Discipline Inspection Commission of the Central Military Commission

Agency overview
- Formed: 1955
- Type: Functional department of the Central Military Commission
- Jurisdiction: People's Liberation Army
- Headquarters: Ministry of National Defense compound ("August 1st Building"), Beijing;
- Agency executive: Gen. Zhang Shuguang, Secretary;
- Parent agency: Central Military Commission
- Website: chinamil.com.cn

= Discipline Inspection Commission of the Central Military Commission =

Chief military disciplinary authority of China

The Discipline Inspection Commission of the Central Military Commission is the top military disciplinary organ in the People's Republic of China. The CMCCDI has "dual responsibility" to the Central Commission for Discipline Inspection and the Central Military Commission. The membership of the CMCCDI is selected by the Central Military Commission.

== History ==
The first military organ in charge of enforcing discipline and control was established in 1955, but was dissolved during the Cultural Revolution. The modern incarnation of the CMCCDI was formed in January 1980 under the direction of the Central Committee of the Chinese Communist Party. Since 1990, the DICCMC's work has largely been carried out by the Political Work Department, the supreme political organ of the military. The head of the CMCDIC is customarily also the deputy chief of the General Political Department, and since the 16th National Congress of the Chinese Communist Party in 2002, concurrently a Deputy Secretary of the Central Commission for Discipline Inspection.

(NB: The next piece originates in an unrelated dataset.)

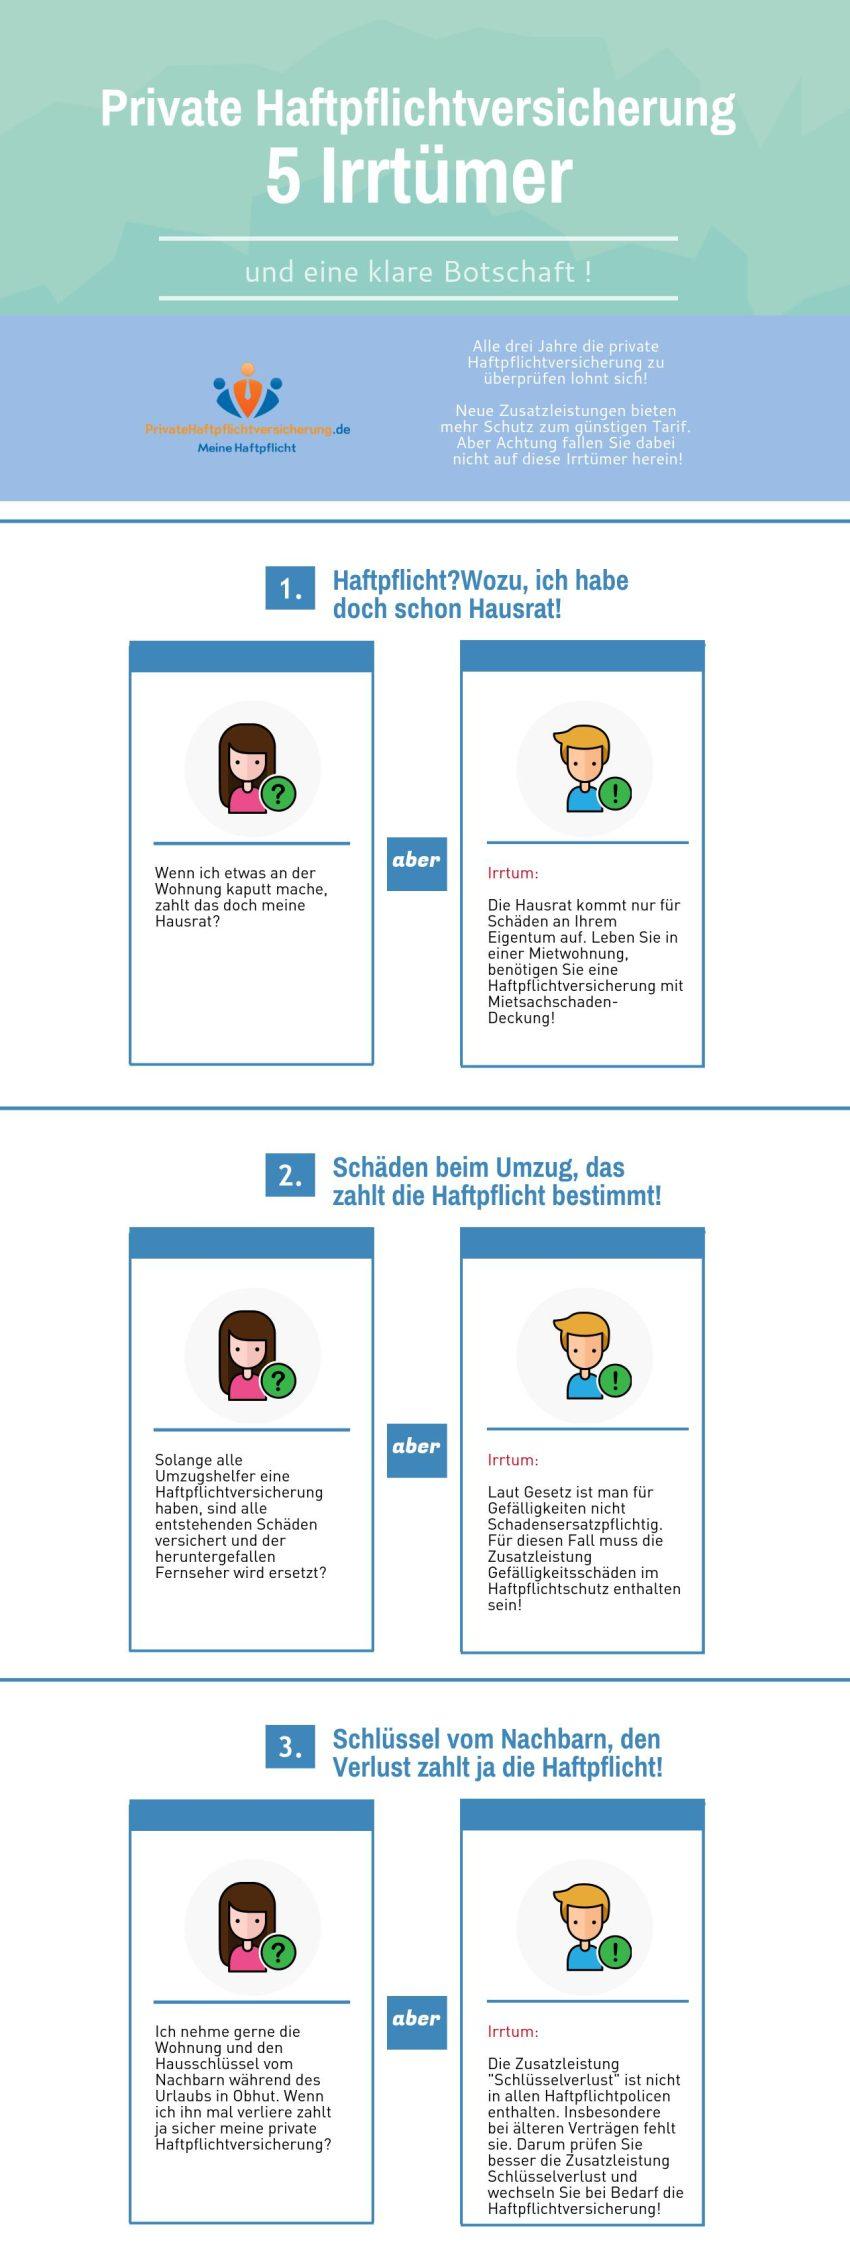 Haftpflichtversicherung Irrtümer Infografik

The CCDI has occasionally directly intervened in cases dealing with high-ranking officers in the People's Liberation Army. However, the direct involvement of the CCDI has only been cited in high-profile cases, such as those of Vice Admiral Wang Shouye in 2005, and Lt. General Gu Junshan in 2012. Usually, once the CMCCDI completes an investigation, the case is handed onto military prosecution authorities or to a court martial. Unlike CCDI cases, conclusions of which are generally publicly announced in the form of a press release, specific details about cases under the sole jurisdiction of the CMCCDI rarely appear on the public record. Occasionally, the CMCCDI will conduct the "initial investigation" into the purported wrongdoings of a military officer, and then hand over to the case to the CCDI for "further investigation".

== Heads ==
1. Marshal Luo Ronghuan (1955–1956)
2. Grand General Tan Zheng (1956–1961)
3. Marshal Luo Ronghuan (1961–1963)
4. General Xiao Hua (1964–1967)
Dissolved during the Cultural Revolution
1. Lieutenant General Gan Weihan (1980–1985)
2. General Guo Linxiang (1985–1990)
3. Lieutenant General Wang Ruilin (1990–1993)
4. General Zhou Ziyu (1993–2000)
5. General Xu Caihou (2000–2002)
6. General Zhang Shutian (2002–2004)
7. General Sun Zhongtong (2004–2009)
8. Admiral Tong Shiping (2009–2012)
9. General Du Jincai (2012–2017)
10. General Zhang Shengmin (2017–2026)
11. General Zhang Shuguang (2026–present)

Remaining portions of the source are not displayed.